◆ **WHAT TO PRODUCE**
Give the listing again in full and exactly, apart from its pictures.

◆ **DATASET EXCERPT**
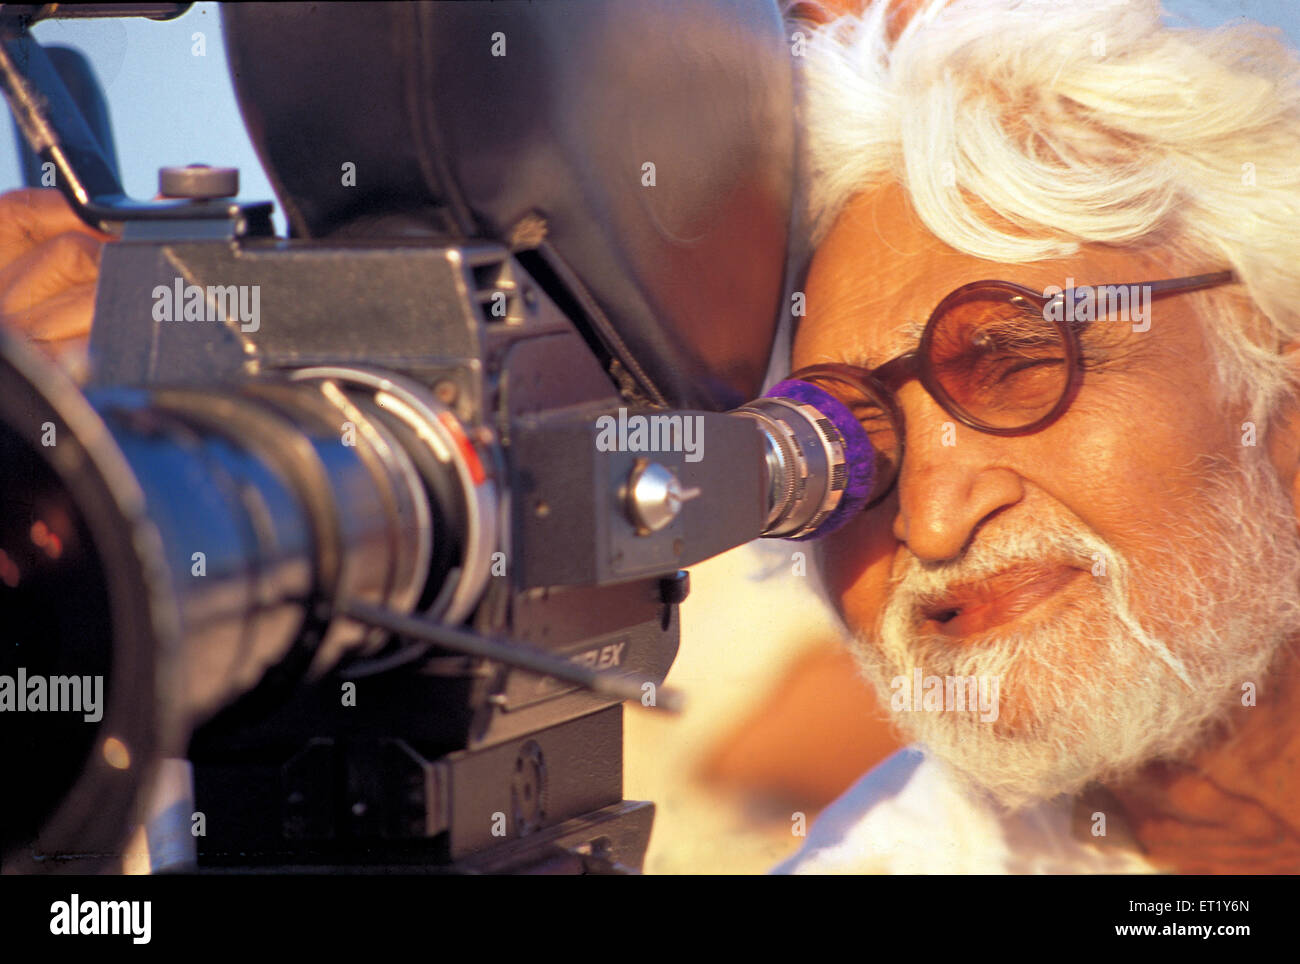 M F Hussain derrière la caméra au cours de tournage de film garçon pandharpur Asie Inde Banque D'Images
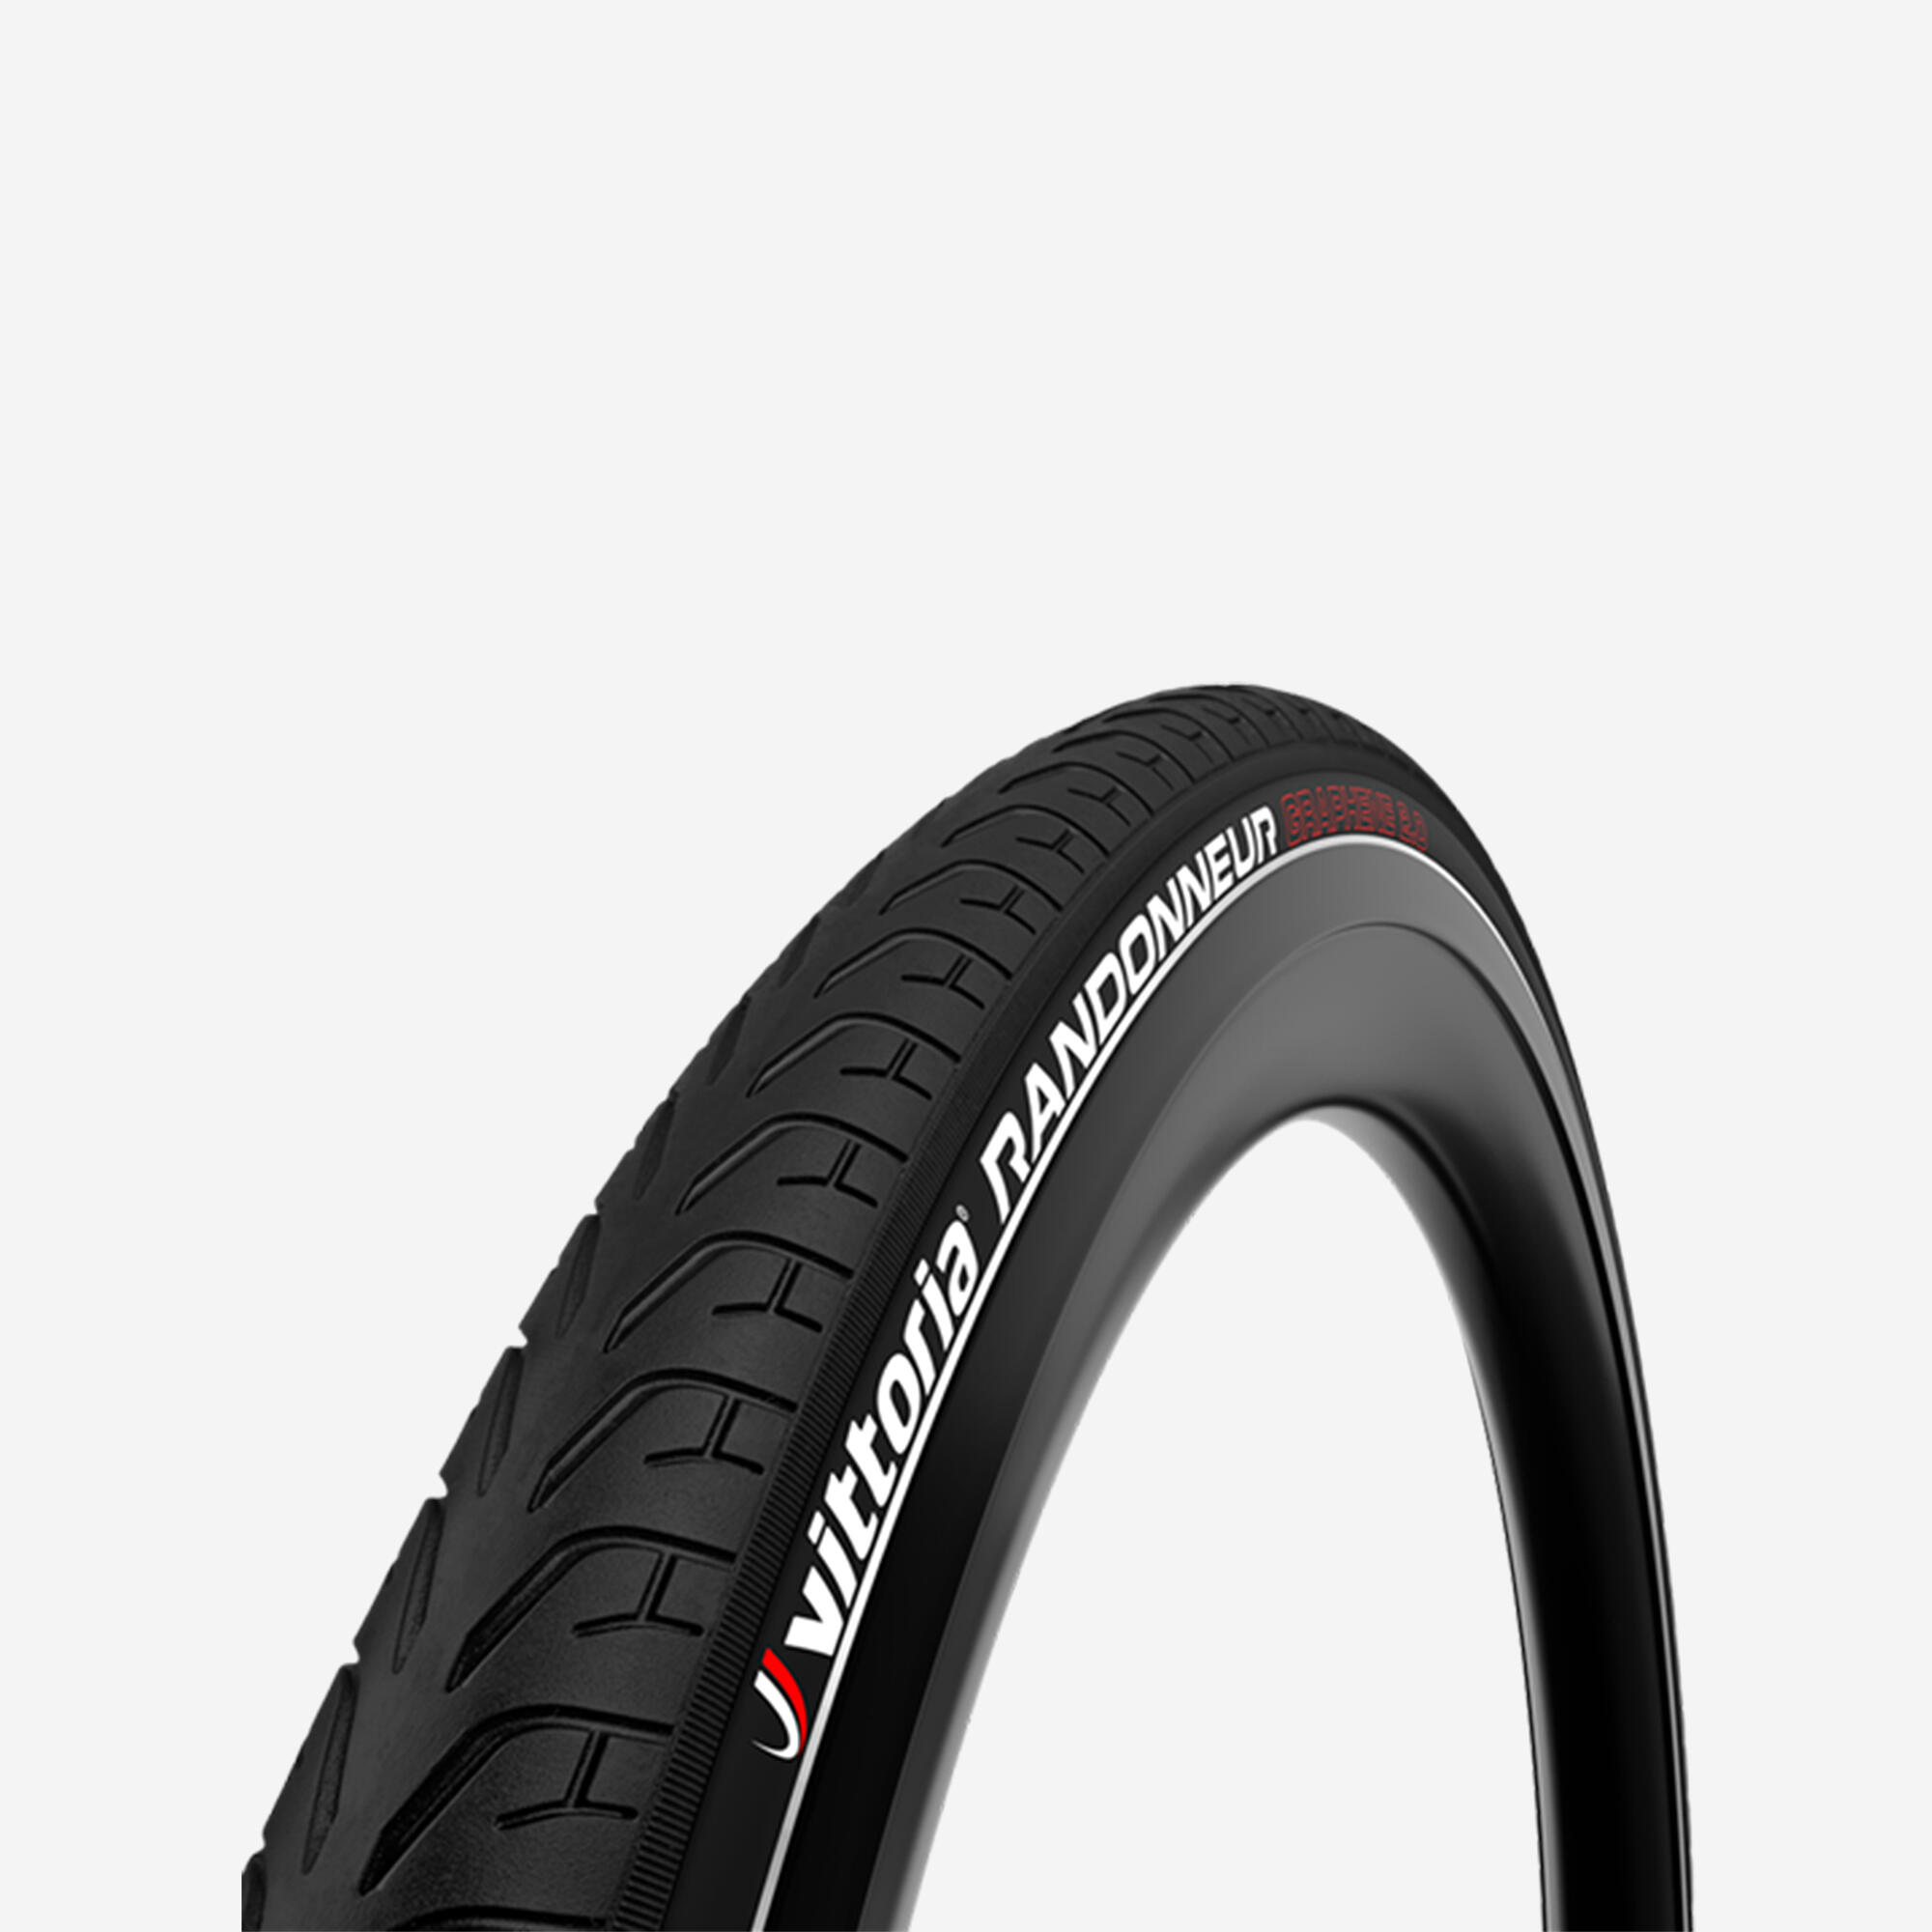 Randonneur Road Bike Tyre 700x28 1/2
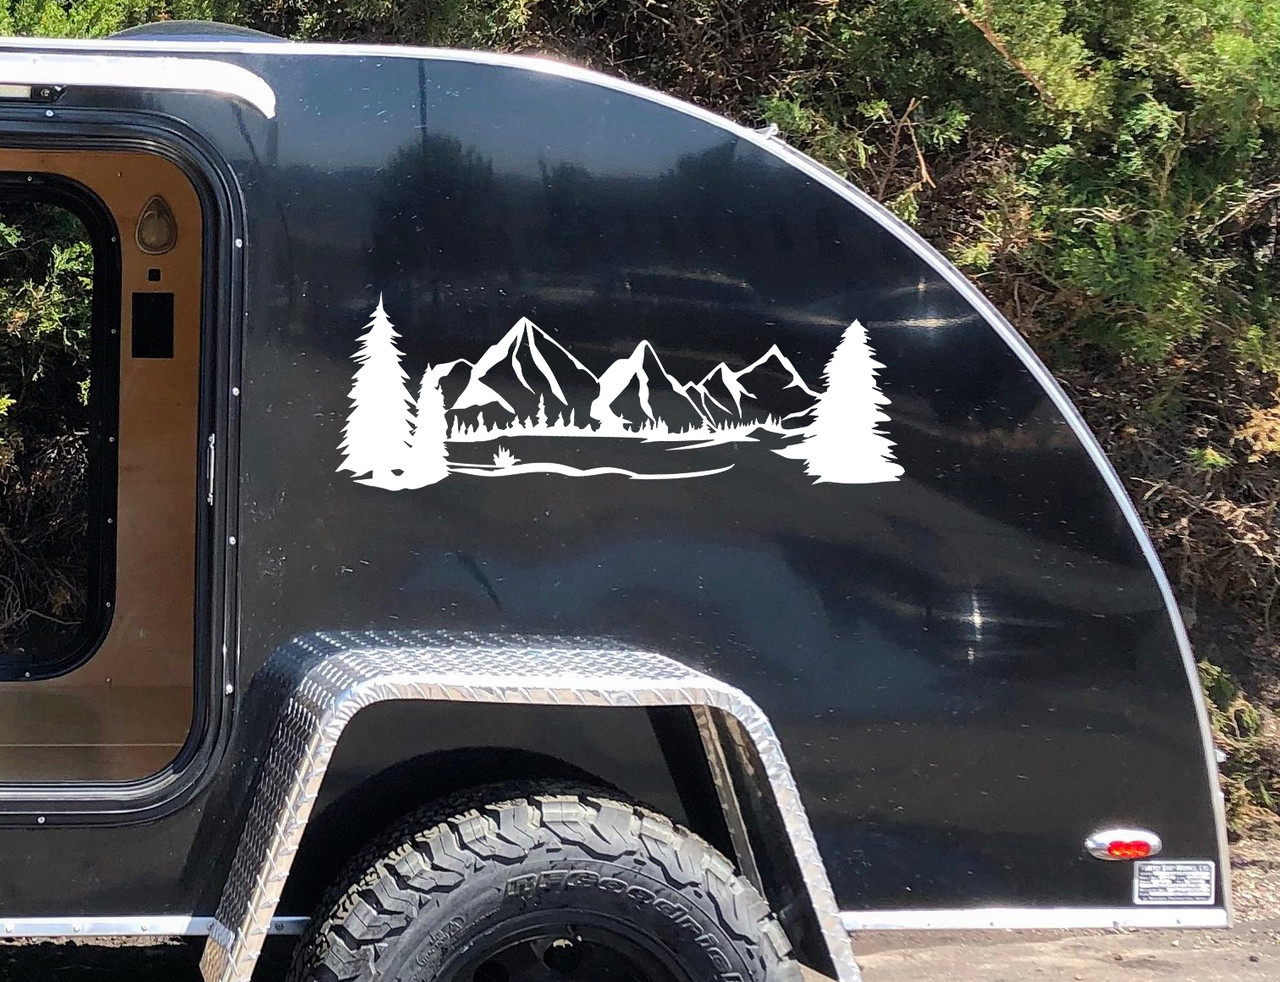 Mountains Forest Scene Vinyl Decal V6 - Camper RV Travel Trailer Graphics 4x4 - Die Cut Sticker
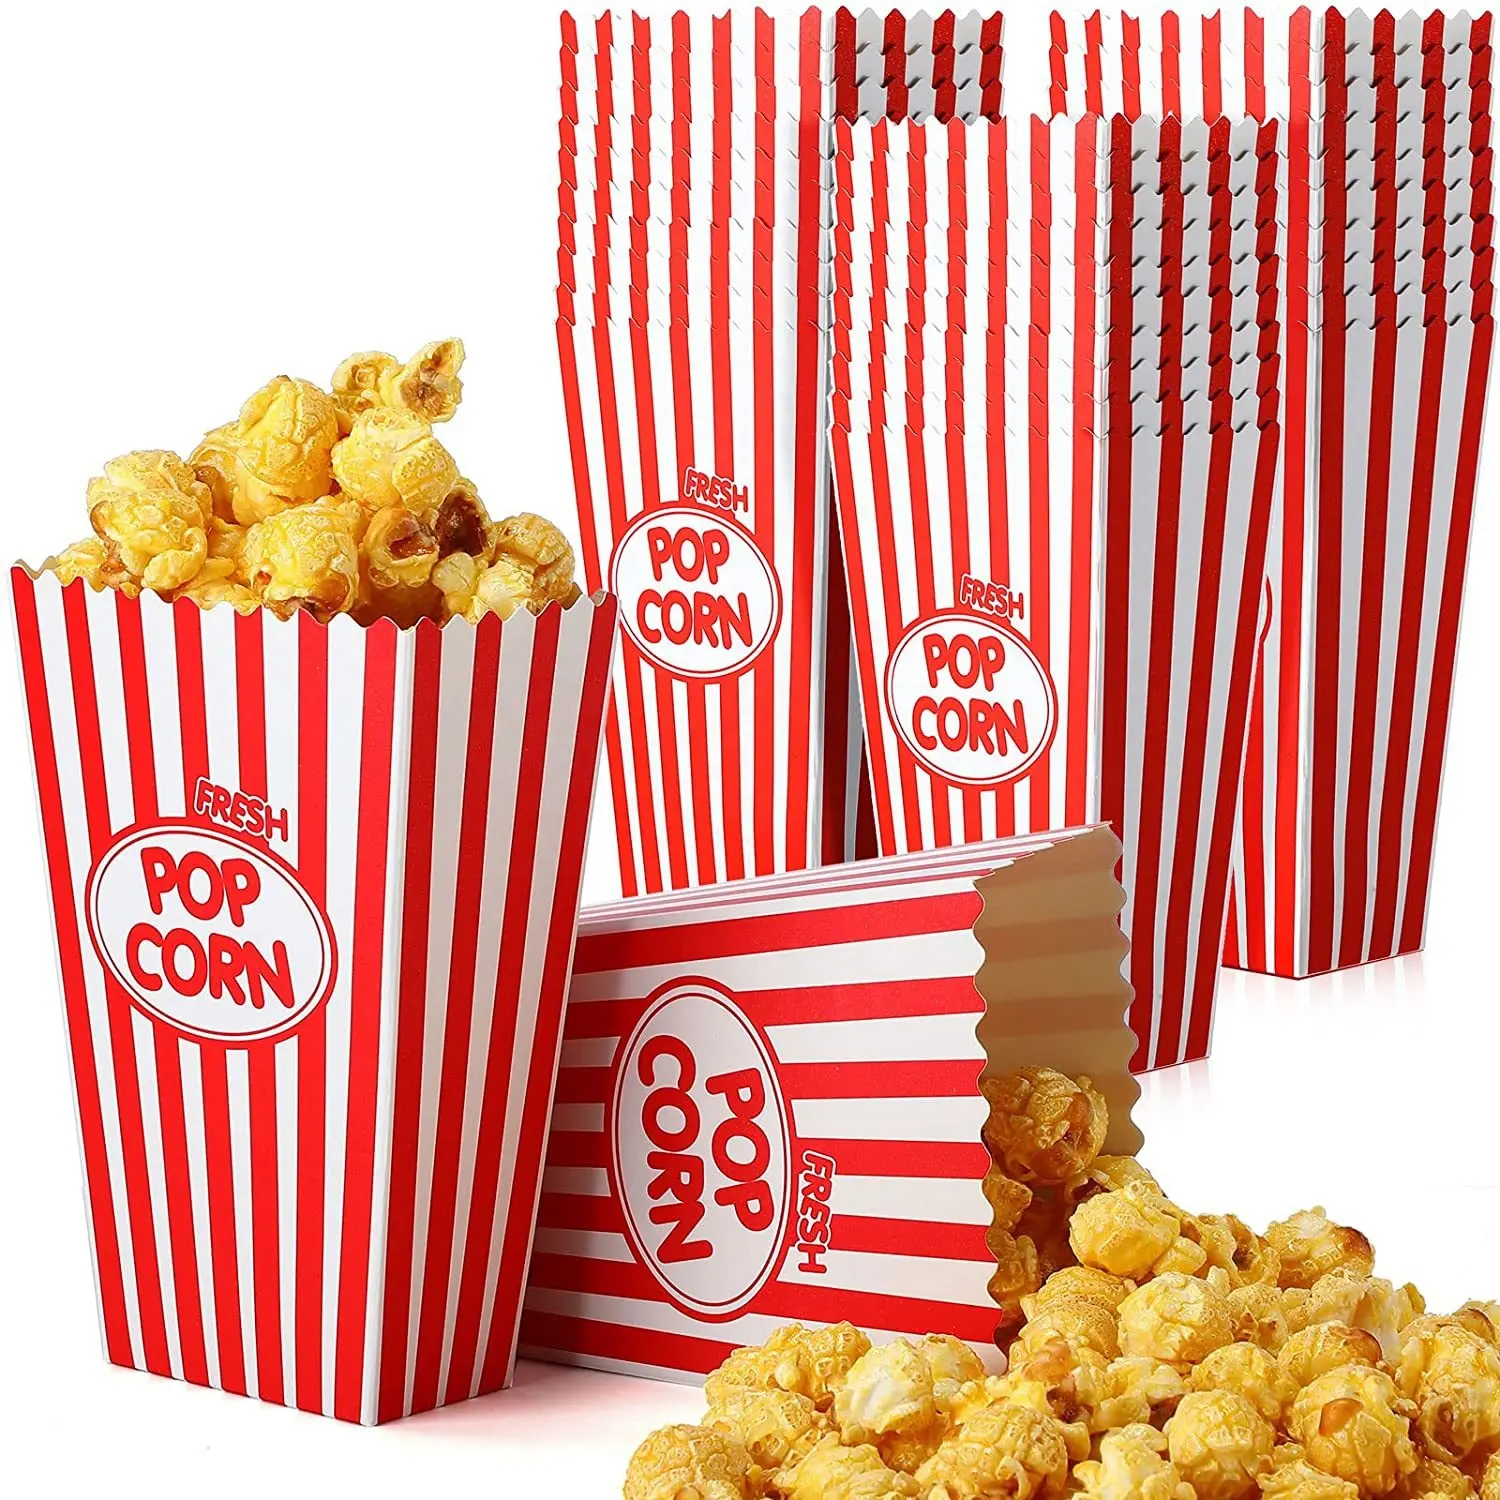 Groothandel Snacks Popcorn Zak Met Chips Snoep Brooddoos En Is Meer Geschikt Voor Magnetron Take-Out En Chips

◆ **EXERCISE OUTPUT**
 M F Hussain derrière la caméra au cours de tournage de film garçon pandharpur Asie Inde Banque D'Images
 Randonneur Road Bike Tyre 700x28 1/2
 Mountains Forest Scene Vinyl Decal V6 - Camper RV Travel Trailer Graphics 4x4 - Die Cut Sticker
 Groothandel Snacks Popcorn Zak Met Chips Snoep Brooddoos En Is Meer Geschikt Voor Magnetron Take-Out En Chips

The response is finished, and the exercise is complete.